# Required work:
What should be copied is the stretch of entries below from the line with "CycloTech eVTOL air taxi concept" up to and including the line with "Pflanzenverkauf mit Plantes Addict Berlin", exactly and without images.

# Exercise data:
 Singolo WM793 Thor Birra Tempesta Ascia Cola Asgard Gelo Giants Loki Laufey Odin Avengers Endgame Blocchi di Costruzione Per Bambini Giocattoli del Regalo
---
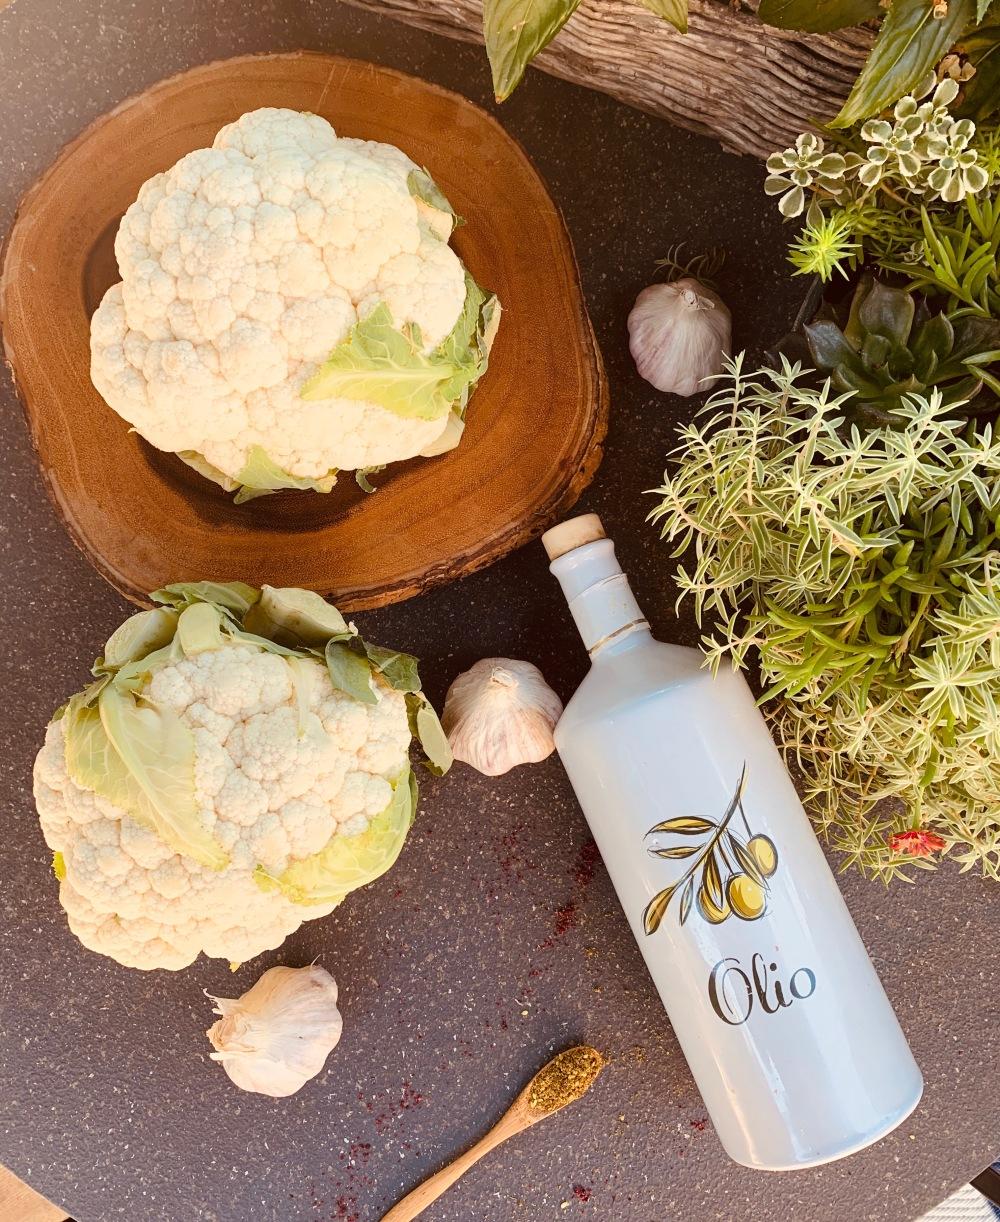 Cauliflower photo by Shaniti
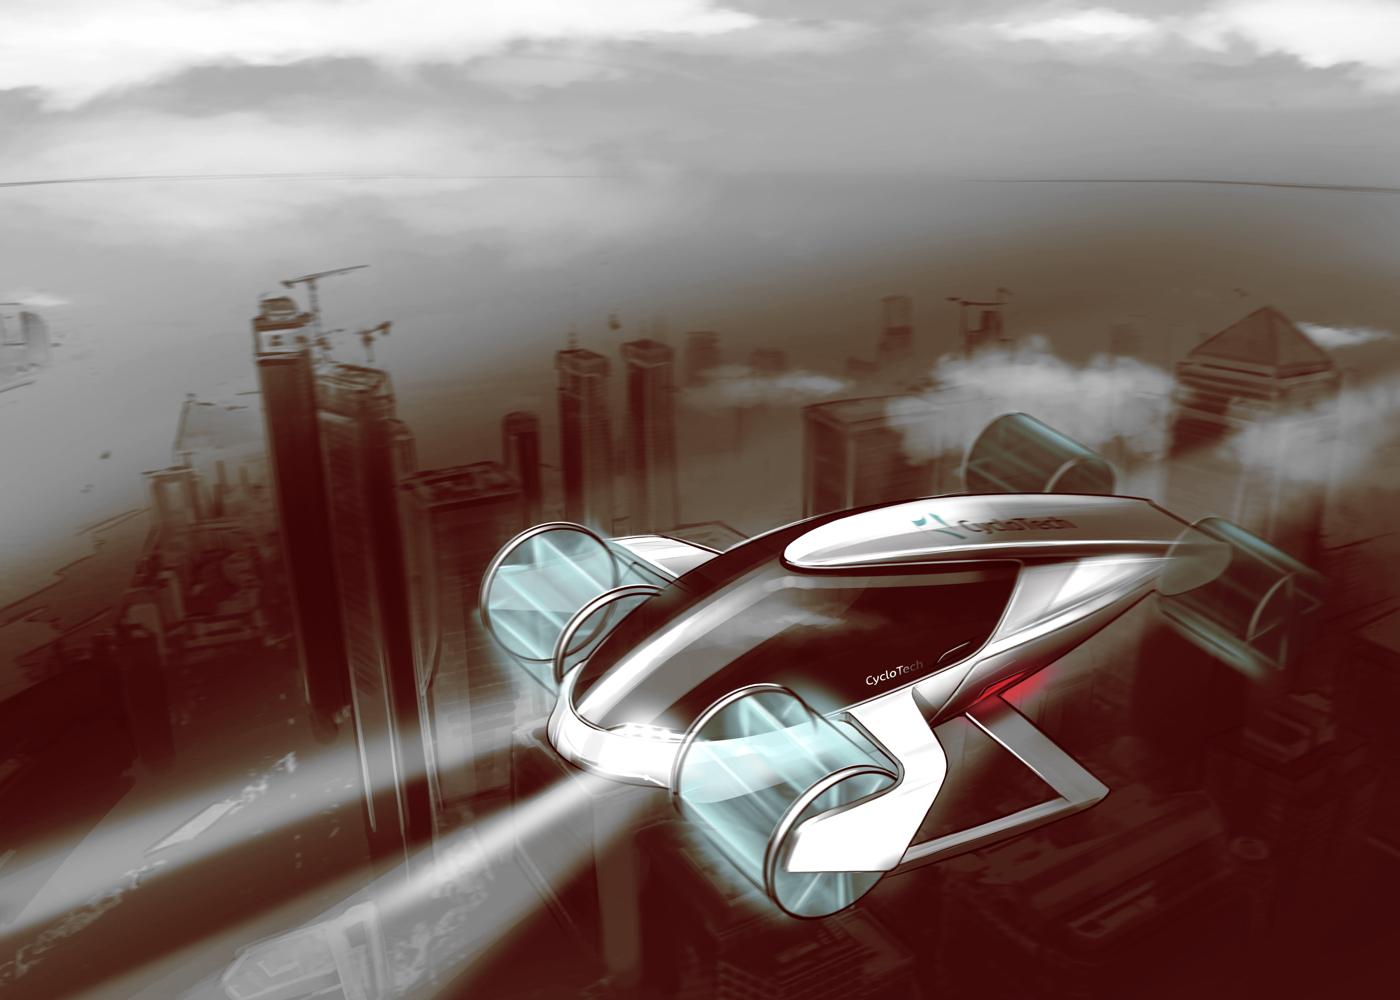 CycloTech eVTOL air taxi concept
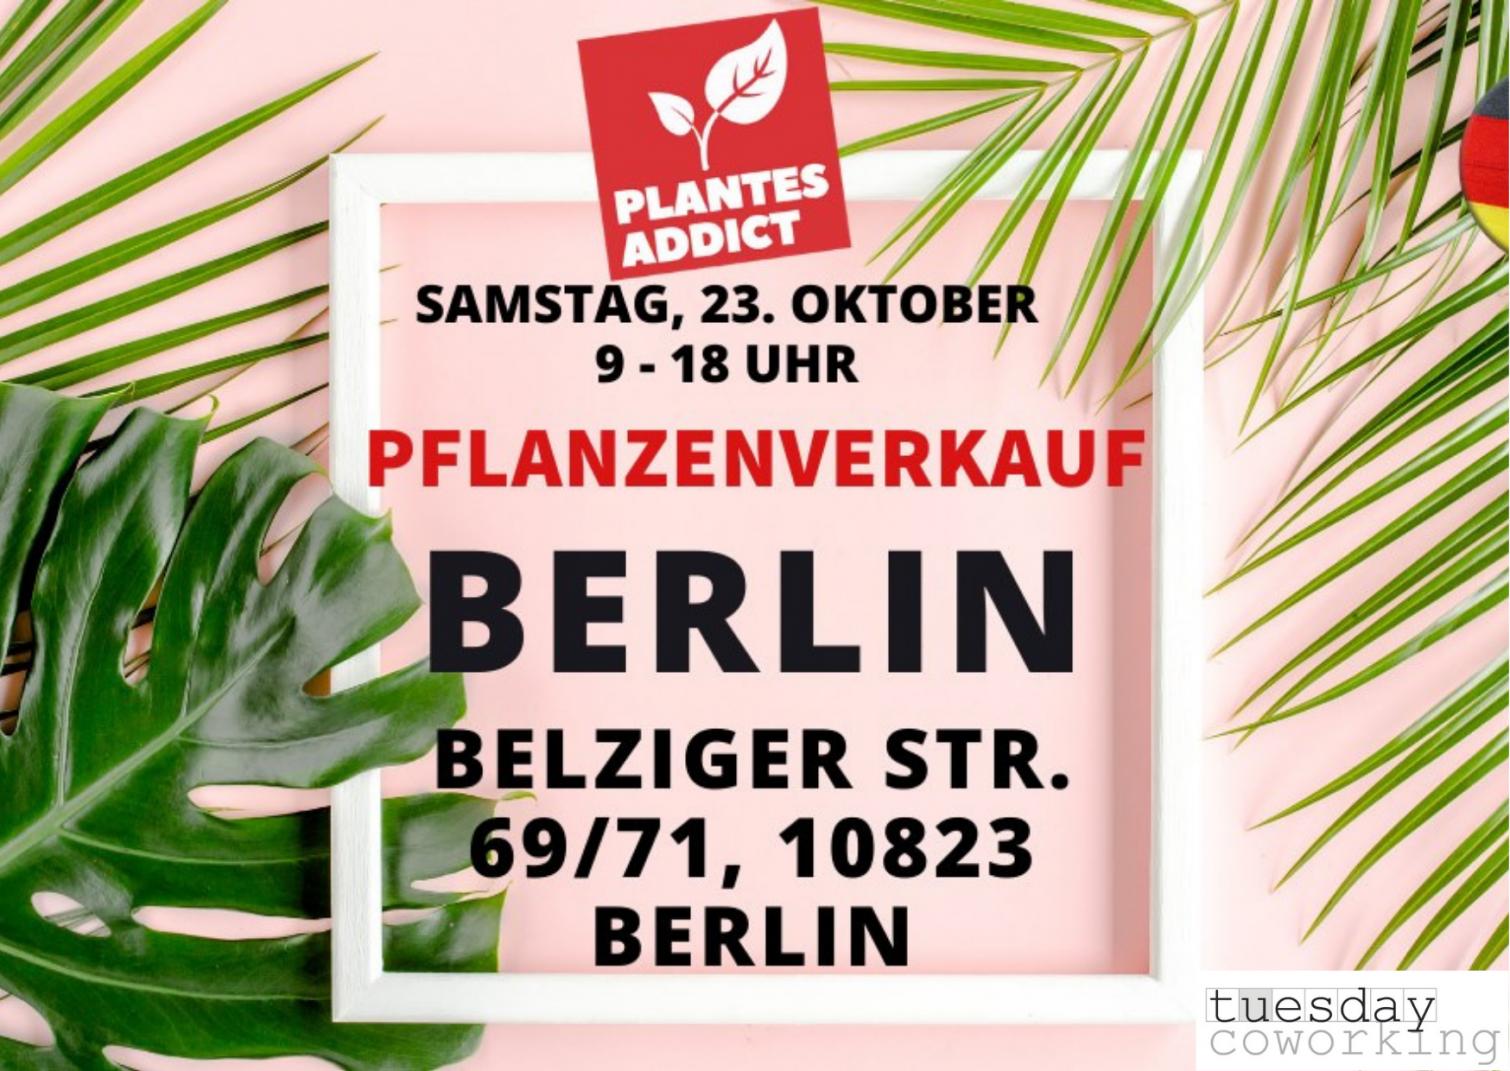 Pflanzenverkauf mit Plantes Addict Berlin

# Written answer:
 CycloTech eVTOL air taxi concept
 Pflanzenverkauf mit Plantes Addict Berlin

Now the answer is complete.